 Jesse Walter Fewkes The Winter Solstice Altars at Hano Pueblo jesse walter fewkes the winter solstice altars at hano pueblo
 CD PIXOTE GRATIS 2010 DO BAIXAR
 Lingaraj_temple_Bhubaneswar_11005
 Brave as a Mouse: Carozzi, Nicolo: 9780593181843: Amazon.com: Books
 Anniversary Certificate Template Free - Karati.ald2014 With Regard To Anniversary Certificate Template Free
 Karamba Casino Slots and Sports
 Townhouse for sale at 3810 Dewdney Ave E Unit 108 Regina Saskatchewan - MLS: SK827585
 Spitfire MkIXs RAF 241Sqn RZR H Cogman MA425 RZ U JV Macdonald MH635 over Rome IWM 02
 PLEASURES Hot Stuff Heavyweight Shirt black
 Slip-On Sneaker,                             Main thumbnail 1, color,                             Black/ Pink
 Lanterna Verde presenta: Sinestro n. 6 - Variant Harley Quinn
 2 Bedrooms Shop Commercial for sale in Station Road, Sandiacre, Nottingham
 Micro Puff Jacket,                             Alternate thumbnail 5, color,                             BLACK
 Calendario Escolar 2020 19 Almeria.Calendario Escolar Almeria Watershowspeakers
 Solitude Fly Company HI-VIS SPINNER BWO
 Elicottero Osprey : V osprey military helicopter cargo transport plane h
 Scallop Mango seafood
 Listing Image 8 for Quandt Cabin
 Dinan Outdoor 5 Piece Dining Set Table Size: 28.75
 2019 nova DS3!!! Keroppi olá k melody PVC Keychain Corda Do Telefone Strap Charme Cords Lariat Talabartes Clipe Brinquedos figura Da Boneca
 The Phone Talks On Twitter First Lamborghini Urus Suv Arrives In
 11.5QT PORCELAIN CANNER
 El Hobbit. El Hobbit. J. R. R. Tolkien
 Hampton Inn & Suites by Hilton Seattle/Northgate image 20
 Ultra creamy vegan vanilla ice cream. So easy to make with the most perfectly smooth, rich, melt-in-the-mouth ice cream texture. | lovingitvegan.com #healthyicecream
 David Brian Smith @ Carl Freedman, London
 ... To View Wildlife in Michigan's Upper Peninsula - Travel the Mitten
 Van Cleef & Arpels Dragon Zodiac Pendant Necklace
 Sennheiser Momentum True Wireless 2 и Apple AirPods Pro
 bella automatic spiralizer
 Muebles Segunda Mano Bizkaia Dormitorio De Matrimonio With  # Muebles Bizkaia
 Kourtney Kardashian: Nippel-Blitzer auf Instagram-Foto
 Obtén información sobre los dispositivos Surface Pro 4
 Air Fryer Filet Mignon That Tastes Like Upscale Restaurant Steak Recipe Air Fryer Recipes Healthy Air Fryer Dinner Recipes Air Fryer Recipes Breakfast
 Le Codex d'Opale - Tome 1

........

• EXERCISE GOAL
Copy the records above exactly, beginning at the line that contains "9780593181843: Amazon.com: Books" and stopping after the line that contains "Lanterna Verde presenta: Sinestro".

• YOUR RESPONSE
 Brave as a Mouse: Carozzi, Nicolo: 9780593181843: Amazon.com: Books
 Anniversary Certificate Template Free - Karati.ald2014 With Regard To Anniversary Certificate Template Free
 Karamba Casino Slots and Sports
 Townhouse for sale at 3810 Dewdney Ave E Unit 108 Regina Saskatchewan - MLS: SK827585
 Spitfire MkIXs RAF 241Sqn RZR H Cogman MA425 RZ U JV Macdonald MH635 over Rome IWM 02
 PLEASURES Hot Stuff Heavyweight Shirt black
 Slip-On Sneaker,                             Main thumbnail 1, color,                             Black/ Pink
 Lanterna Verde presenta: Sinestro n. 6 - Variant Harley Quinn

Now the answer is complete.